Sensation

What does Lenore mean by "sensation"? What do Extraverted Sensing and Introverted Sensing have in common?

Proposed Definitions

Sensation as Semiotic Attitude: What you see is what you get

Se says that the world is filled with stimuli, and all you have to do is let yourself react to them. No need to think, just react. The meaning of a sign is what your gut tells you you should do in response. If it's not here or not now, it's not real.

Si says that the world is so overwhelmingly filled with stimuli that you need something stable to focus on or you'll just be permanently overwhelmed and confused.

Another definition: context is irrelevant to meaning

Another definition: from an S attitude, the facts are the facts regardless of anything else, and facts regardless of context ought to command your attention. For example, $100 in the bank is $100 in the bank: that is a fact, regardless of anything else. All facts are independent. The fact that you have $100 in the bank implies no other facts.

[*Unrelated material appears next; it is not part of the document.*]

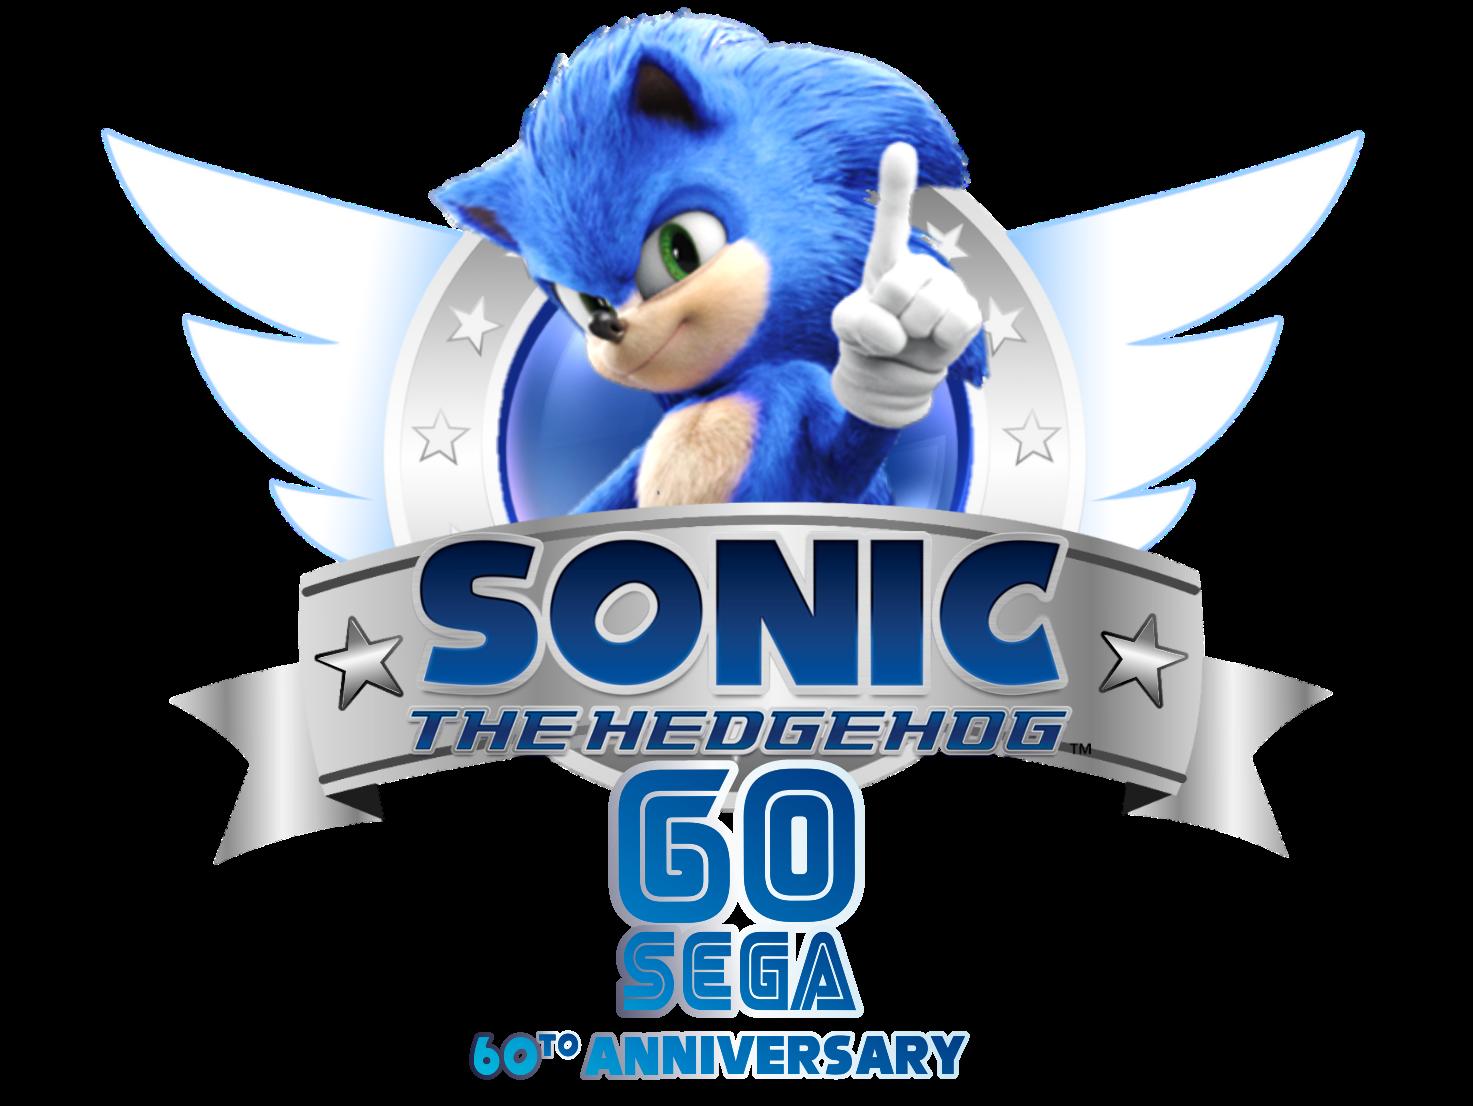 Sega Sonic 60to Anniversary Sonic Sonic The Movie Sonic The Hedgehog

From an Se attitude, one seeks stimulation by things that can be understood here and now, so you can respond to them here and now, without regard for far-flung concerns or how they relate to anything else. If someone is flirting with you, you flirt back. If that has unexpected consequences, you don't worry about them now, you deal with them when and if they come up.

From an Si attitude, one seeks stabilization rather than stimulation: well aware that $100 in the bank might be worth very little depending on other conditions, you look for ways to set things up so that you can safely depend on that fact holding its meaning despite changing conditions. You learn to anticipate unexpected consequences (mostly bad ones, mostly learned from concrete experiences with failures) and plan or design to prevent them from coming about.